_The problem:_ No pictures go in the copy. Restate, word for word, each line from the one containing "Father TJ Varghese" through the last line below.

_Supplied information:_
^^^^
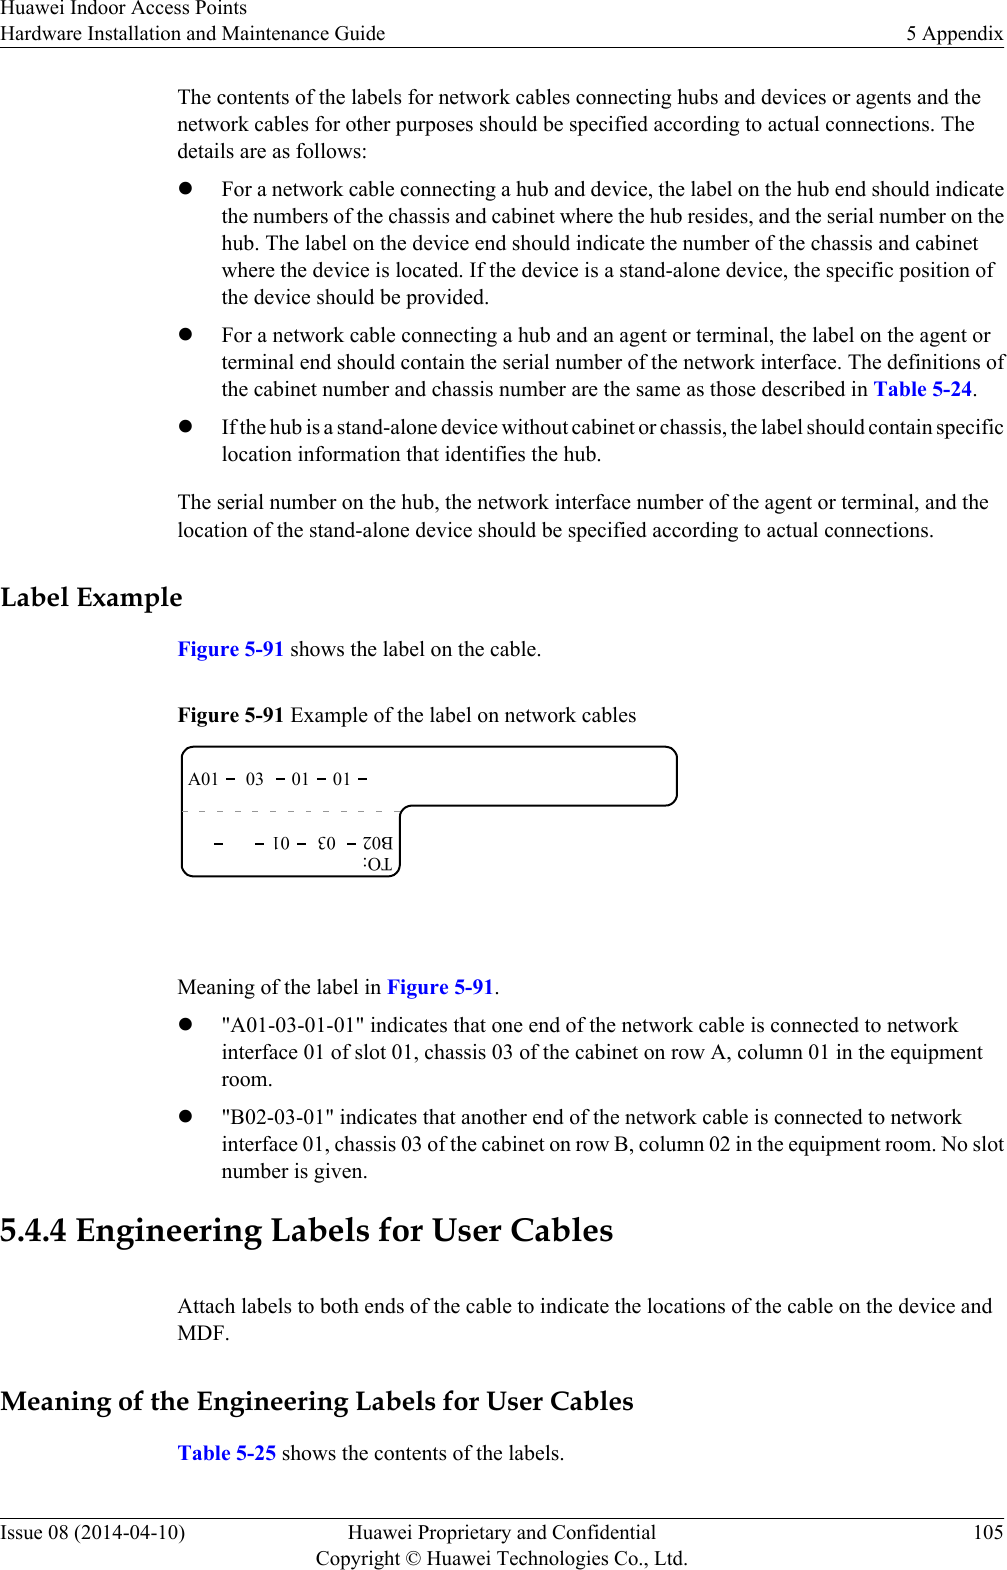 The contents of the labels for network cables connecting hubs and devices or agents and thenetwork cables for other purposes should be specified according to actual connections. Thedetails are as follows:lFor a network cable connecting a hub and device, the label on the hub end should indicatethe numbers of the chassis and cabinet where the hub resides, and the serial number on thehub. The label on the device end should indicate the number of the chassis and cabinetwhere the device is located. If the device is a stand-alone device, the specific position ofthe device should be provided.lFor a network cable connecting a hub and an agent or terminal, the label on the agent orterminal end should contain the serial number of the network interface. The definitions ofthe cabinet number and chassis number are the same as those described in Table 5-24.lIf the hub is a stand-alone device without cabinet or chassis, the label should contain specificlocation information that identifies the hub.The serial number on the hub, the network interface number of the agent or terminal, and thelocation of the stand-alone device should be specified according to actual connections.Label ExampleFigure 5-91 shows the label on the cable.Figure 5-91 Example of the label on network cablesA01TO:03 01 01B02 03 01 Meaning of the label in Figure 5-91.l&quot;A01-03-01-01&quot; indicates that one end of the network cable is connected to networkinterface 01 of slot 01, chassis 03 of the cabinet on row A, column 01 in the equipmentroom.l&quot;B02-03-01&quot; indicates that another end of the network cable is connected to networkinterface 01, chassis 03 of the cabinet on row B, column 02 in the equipment room. No slotnumber is given.5.4.4 Engineering Labels for User CablesAttach labels to both ends of the cable to indicate the locations of the cable on the device andMDF.Meaning of the Engineering Labels for User CablesTable 5-25 shows the contents of the labels.Huawei Indoor Access PointsHardware Installation and Maintenance Guide 5 AppendixIssue 08 (2014-04-10) Huawei Proprietary and ConfidentialCopyright © Huawei Technologies Co., Ltd.105
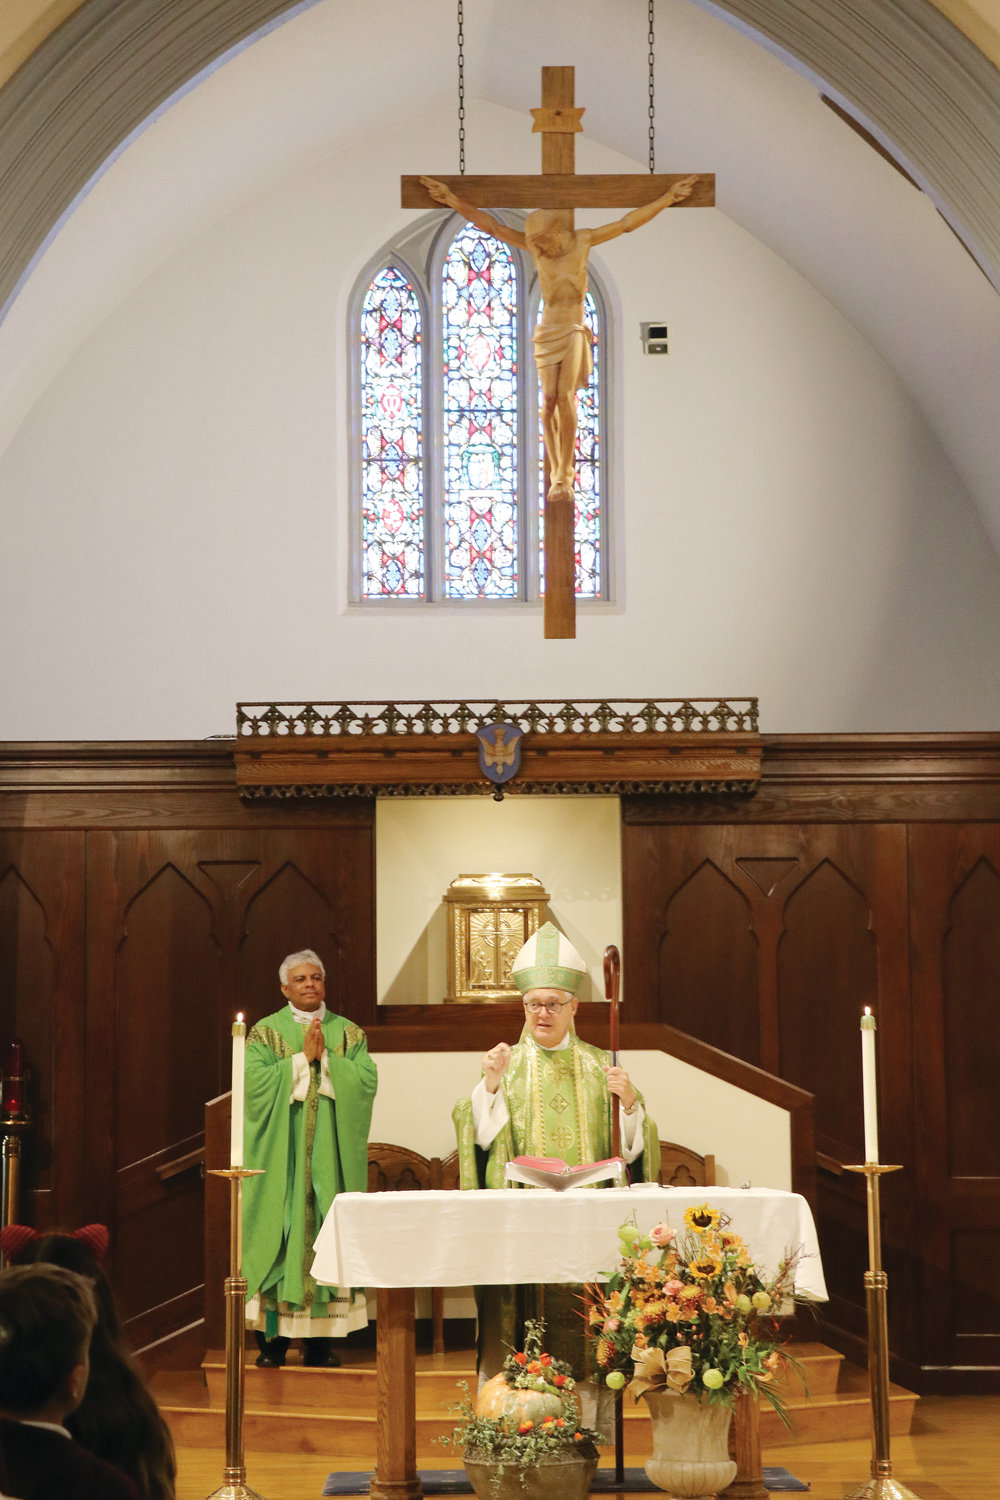 Father TJ Varghese concelebrates Mass with Bishop Tobin.
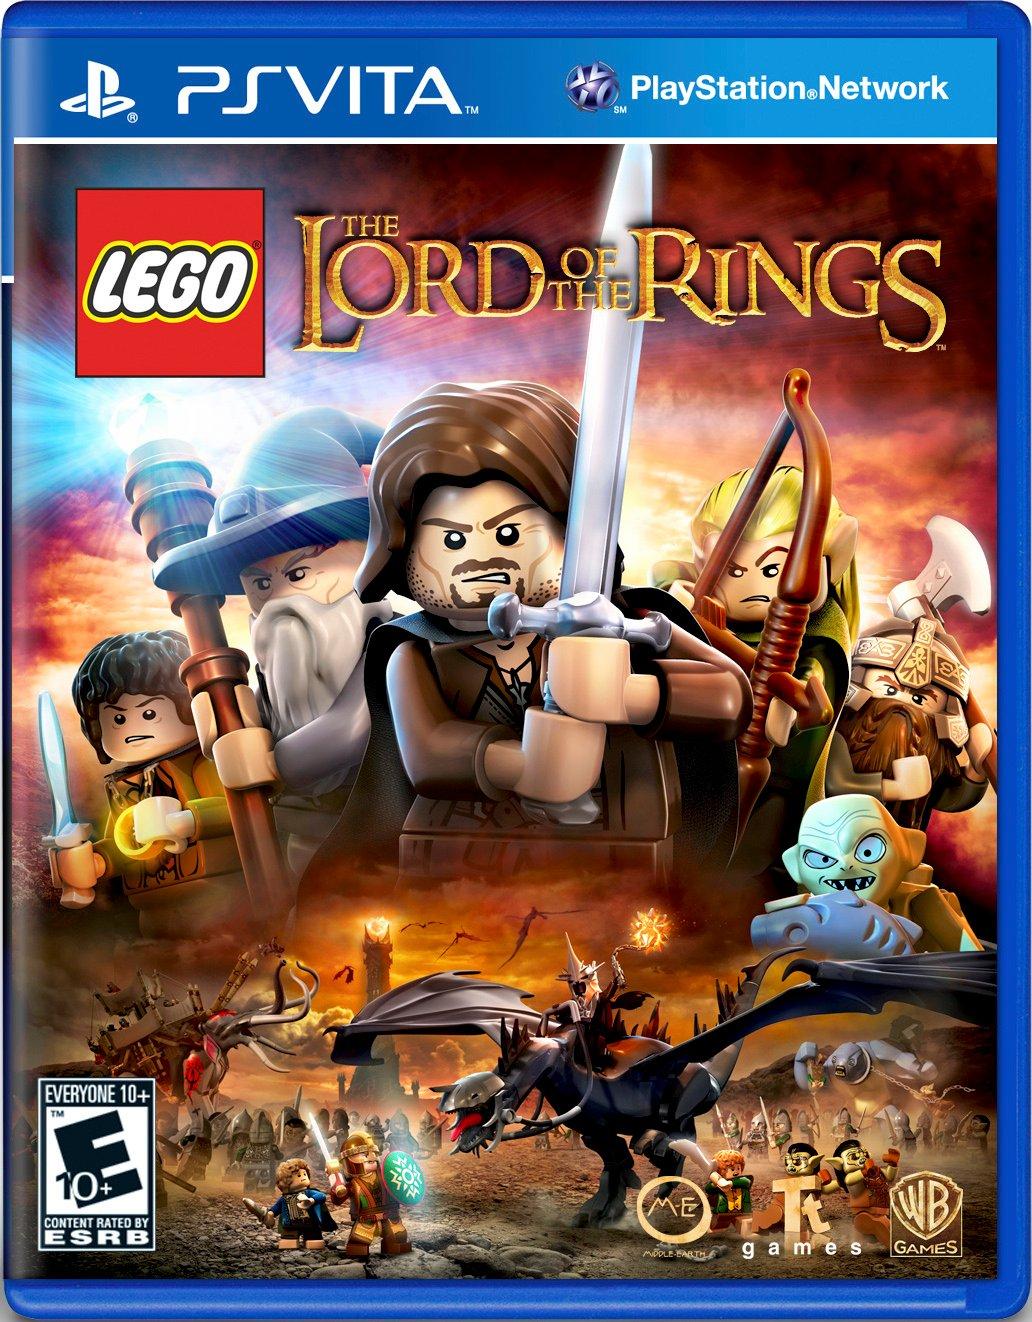 lego lord of the rings wii u
^^^^
_Solution for this task:_
 Father TJ Varghese concelebrates Mass with Bishop Tobin.
 lego lord of the rings wii u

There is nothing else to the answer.